Коронованный лев
Шрифт:
— Черт… — прошептал я с досадой и прикусил губу, боль в разбитых ребрах мешала дышать, а двигаться мешали уже не трупы, двое недобро ухмылявшихся здоровяков крепко держали меня за руки, третий стоял рядом, разглядывая меня сверху.
— Что, Дышло? Вот этот щенок и увел знамя у нас из-под носа? — прищелкнув насмешливо языком, спросил он с заметным акцентом.
— Тот самый, — усмехнулся, должно быть, названный Дышлом, уже без акцента.
— Teufel! — жестко выплюнул стоявший сквозь зубы и со всей злостью пнул меня в помятую кирасу.
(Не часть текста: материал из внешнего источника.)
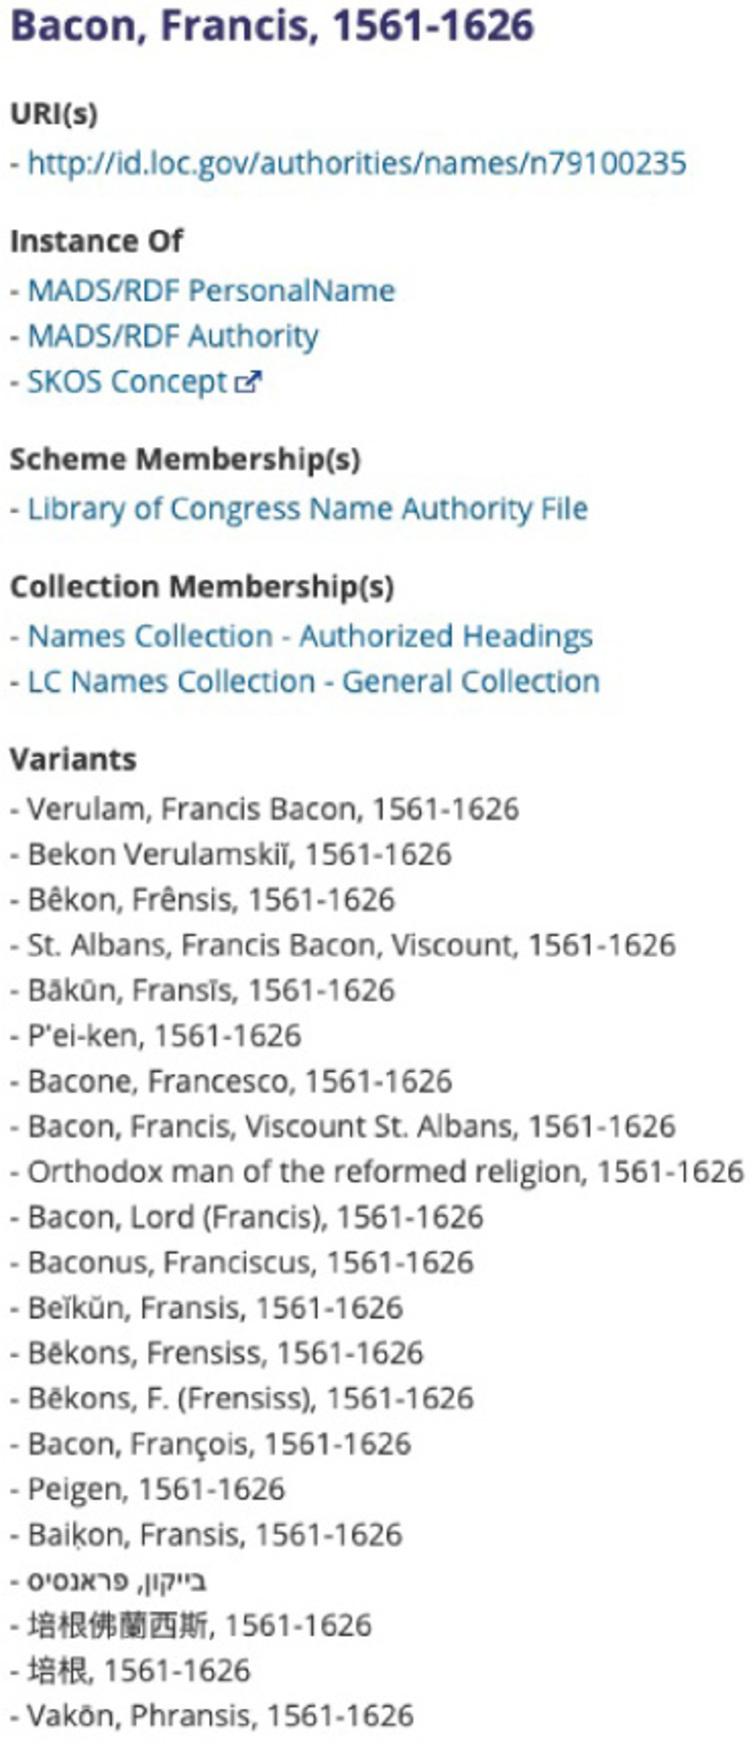 Francis Bacon’s Library of Congress Name Authority record, complete with links to authoritative forms of his name in other schemas.

«Самое время умереть», — подумал я, но оказалось, что ошибся. Через некоторое время мучительное удушье немного отпустило,
— Думал умереть героем? — обманчиво дружелюбно полюбопытствовал рейтар, присев рядом на корточки. — А вот мы сейчас зарежшем тебя как собаку, а твою голову потом похороним в выгребной яме, да и зарежшем, знаешь, не быстро, успеешь наскулиться. Ты еще не знаешь, к кому в зубы попал.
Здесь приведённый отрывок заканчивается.